Banking Crisis

AIG Offers Retention Payouts To $300K-Plus Reps

Tom Coyle US Bureau Chief 8 September 2009

AIG Offers Retention Payouts To $300K-Plus Reps

AIG plans to offer retention payouts of between 5 and 10 per cent of their annual production to independent brokers affiliated with its SagePoint Financial, FSC Securities, and Royal Alliance Associates brokerage subsidiaries who produce more than $300,000 a year in commissions and fees, media reports said.

"This is not an AIG bonus program," an AIG spokeswoman told Dow Jones. "Rather, this common industry practice, conservative in its structure and limited to high-performing advisors and is designed to invest in independent, non-employee financial advisors' practices and encourage them to continue to partner with our broker-dealers, Royal Alliance, SagePoint, and FSC, to grow these businesses."

The payouts come in the form of two-year forgivable loans from AIG - that have to be paid back if brokers fail to meet agreed-on production goals.

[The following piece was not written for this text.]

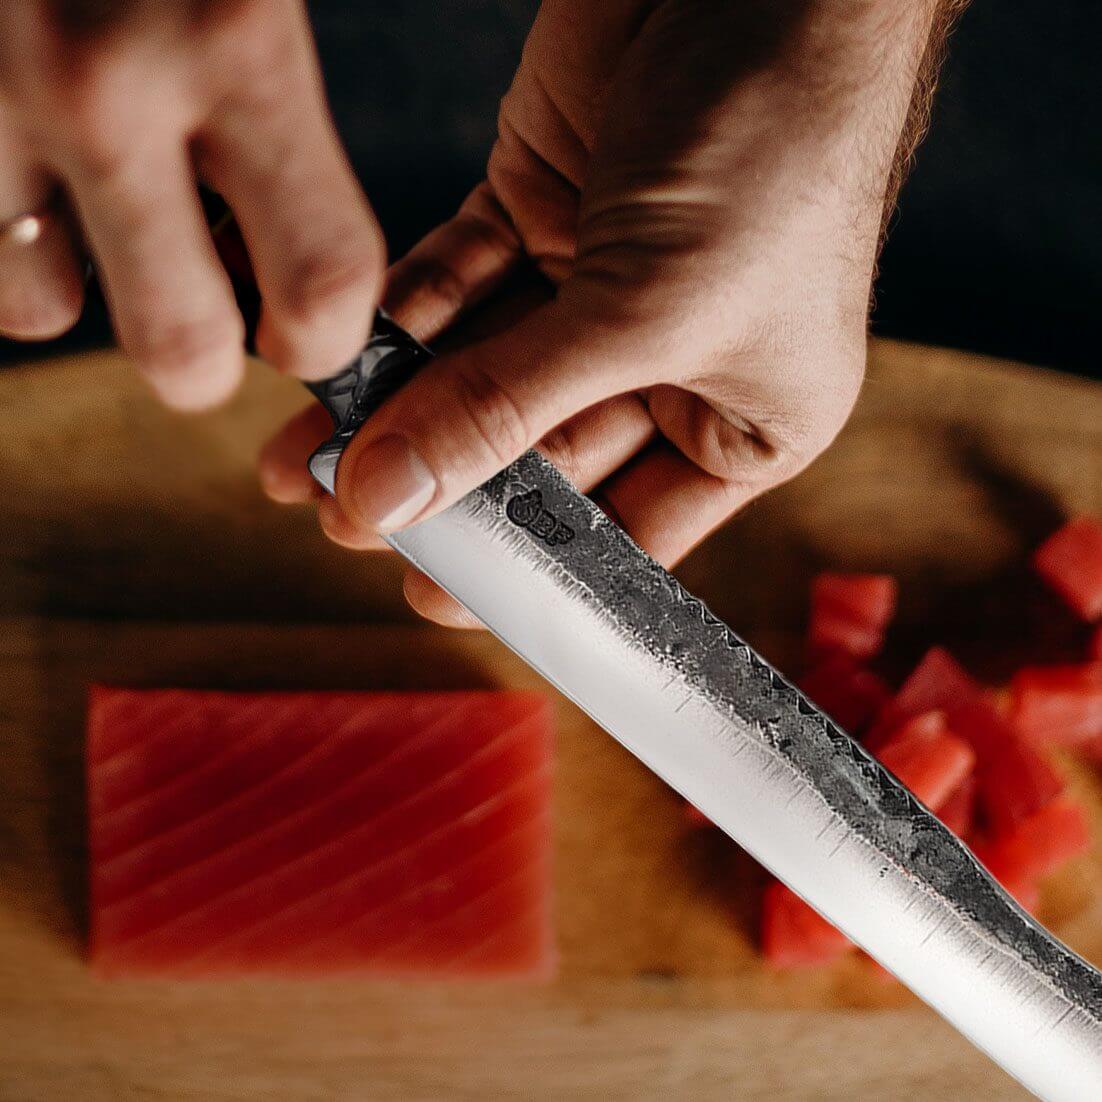 Full Name Laser Engrave Knives - Ergo Chef Knives

New York-based insurer AIG is one of a few US firms including Lehman Brothers and mortgage-market makers Fannie Mae and Freddie Mac whose exposure to US residential mortgages - or to investment and insurance products tied to them - helped send the country's financial service industry into a tailspin a year ago.

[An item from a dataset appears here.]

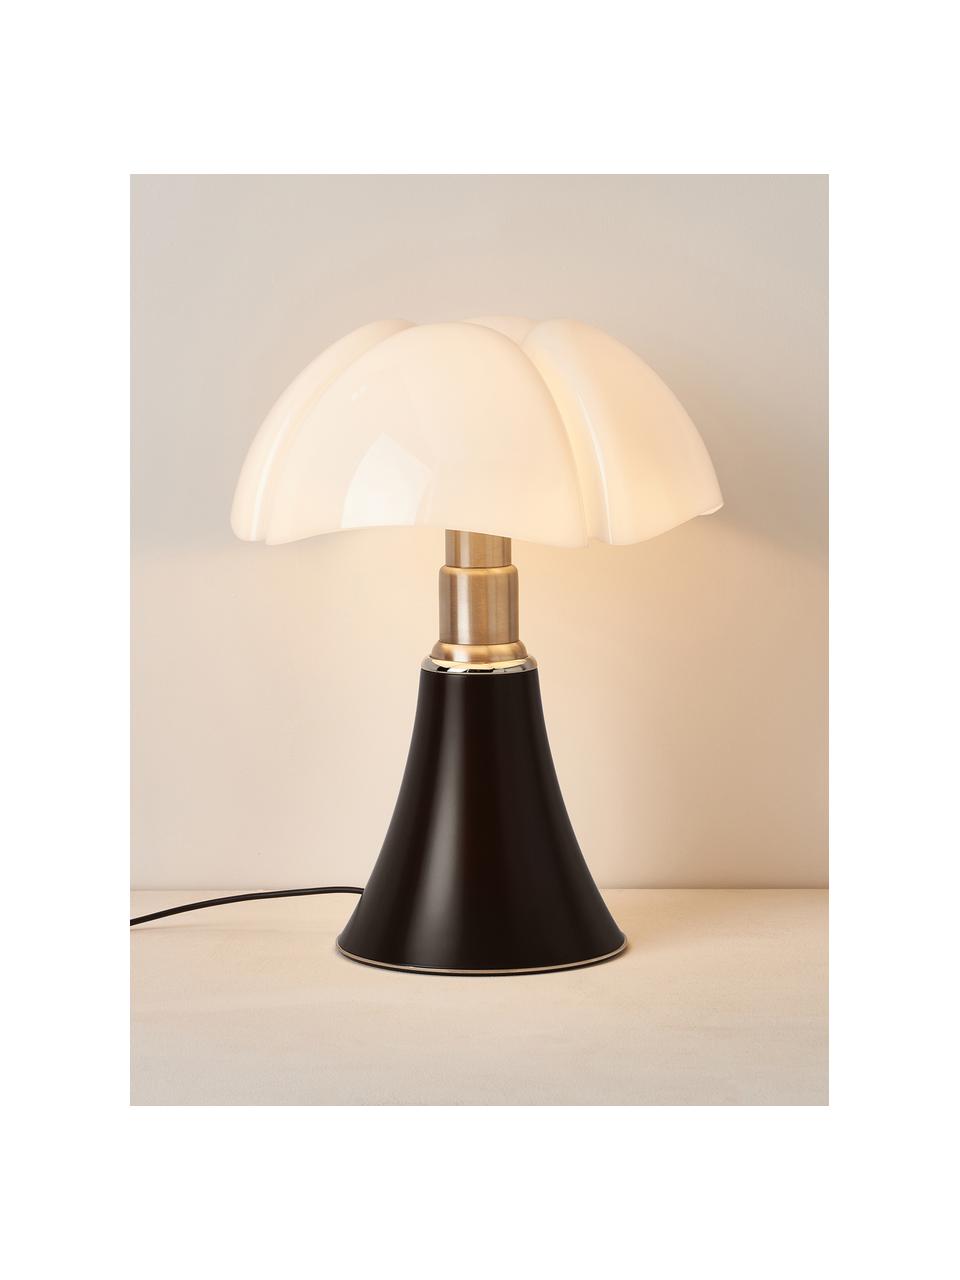 Lampa stołowa LED z funkcją przyciemniania Pipistrello, Stelaż: metal, aluminium, lakiero, Ciemny brązowy, matowy, Ø 40 x W 50 cm

AIG's chief executive Robert Benmosche recently backed away from a plan to sell the company's independent brokerage business on the grounds that a sale in this depressed market would amount to a "fire sale" of valuable assets.

AIG has however sold off other assets, and news emerged this week of the sale of its external fund management unit to Pacific Century Group of Hong Kong for around $500 million.